To determine the genetic identity of Borrelia spirochetes isolated from patients with an unusual skin lesion of prurigo pigmentosa (PP) in Taiwan. The causative agents responsible for human borreliosis were clarified.
Serum samples and skin specimens were collected from 14 patients with suspected PP and five controls. Serological testing by Western immunoblot analysis and isolation of Borrelia spirochetes from skin specimens were used to verify the Borrelia infection. Genetic identities of isolated spirochetes were determined by analyzing the gene sequences amplified by PCR assay based on the 5S (rrf)-23S (rrl) intergenic spacer amplicon gene of Borrelia burgdorferi sensu lato.

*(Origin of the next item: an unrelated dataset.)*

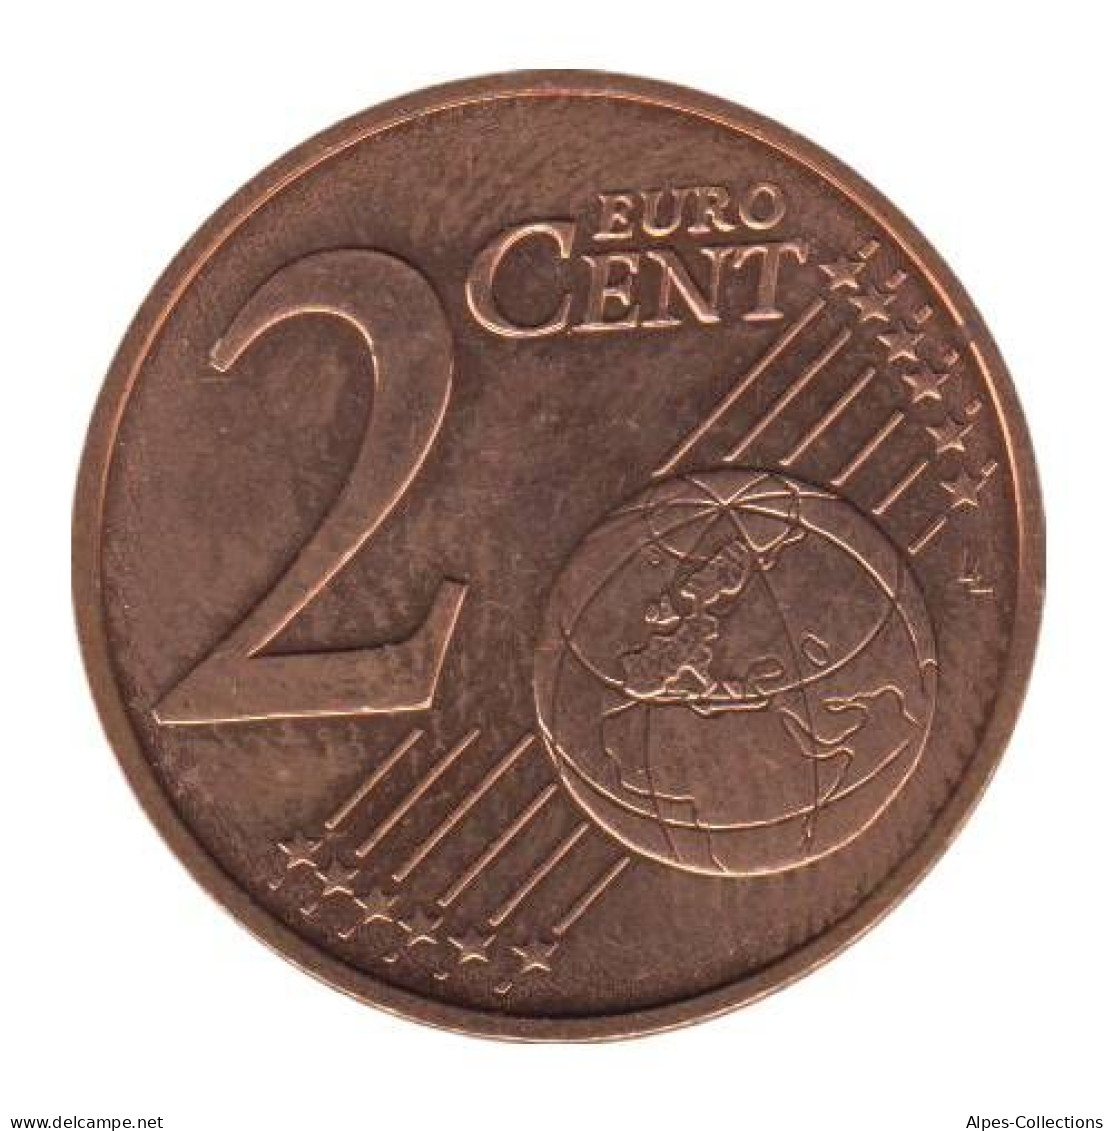 CH00210.1 - CHYPRE - 2 Cents D'euro - 2010 - Cyprus

Borrelia spirochetes were isolated from skin biopsies of three patients. Serological evidence of Borrelia infection in these patients was also confirmed by elevated IgG and IgM antibodies against the major protein antigens of B. burgdorferi. Phylogenetic analysis revealed that these detected spirochetes are genetically affiliated to the genospecies of Borrelia garinii and Borrelia afzelii with high sequence homology within the genospecies of B. garinii (91.0-98.7%) and B. afzelii (97%).
This study provides the first evidence of B. garinii and B. afzelii isolated and identified in patients with PP. Whether this unusual skin lesion is a new manifestation of
Lyme disease needs to be studied further.